What needs to be done:
After removing every image, reproduce the data exactly as it appears.

Data section:
—————

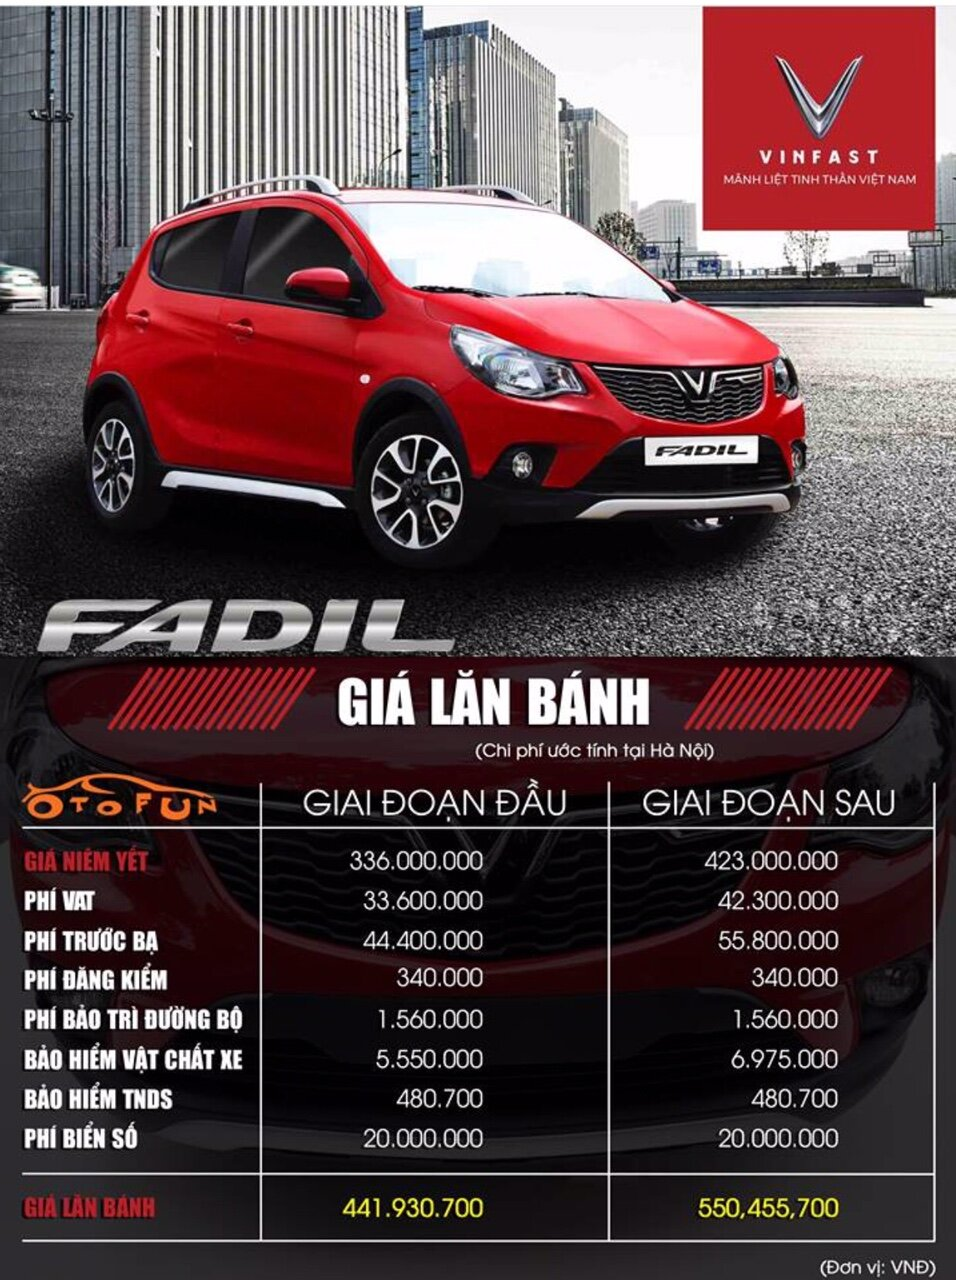 Bảng giá xe Fadil
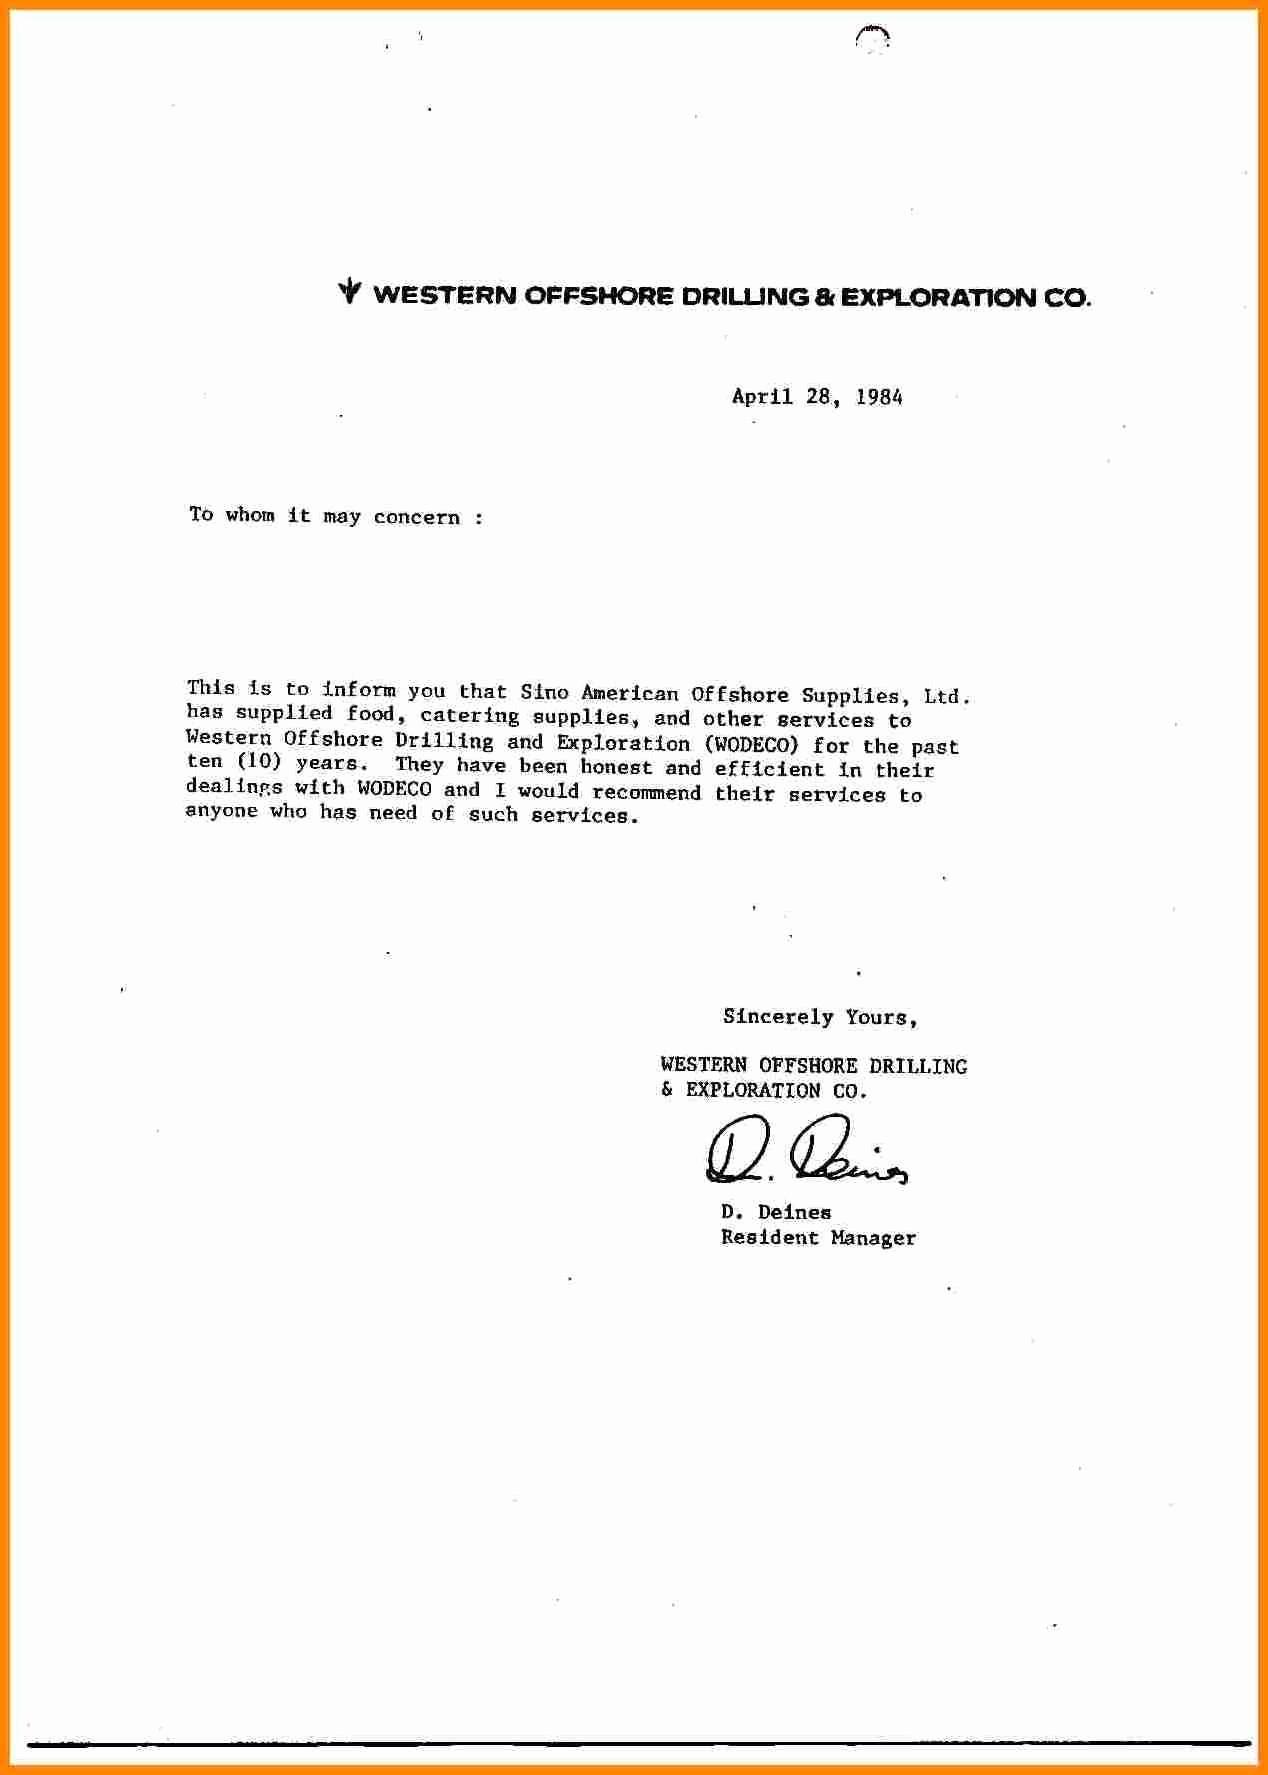 Letters Of Recommendation format Samples Fresh 9 General Letter Of Re Mendation Samples
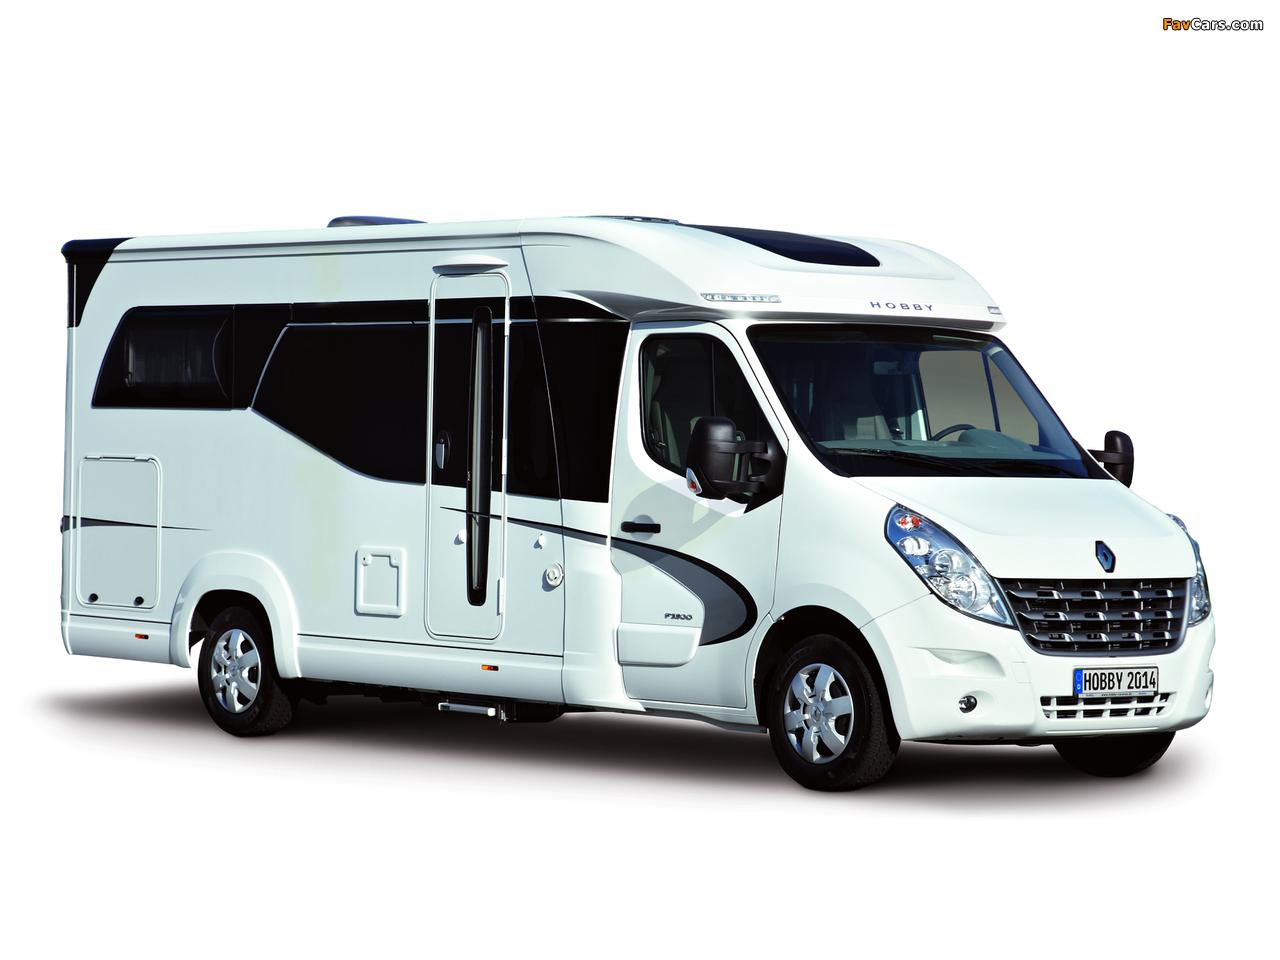 Hobby Premium Van 2013 photos (1280 x 960)

—————

Response area:
 Bảng giá xe Fadil
 Letters Of Recommendation format Samples Fresh 9 General Letter Of Re Mendation Samples
 Hobby Premium Van 2013 photos (1280 x 960)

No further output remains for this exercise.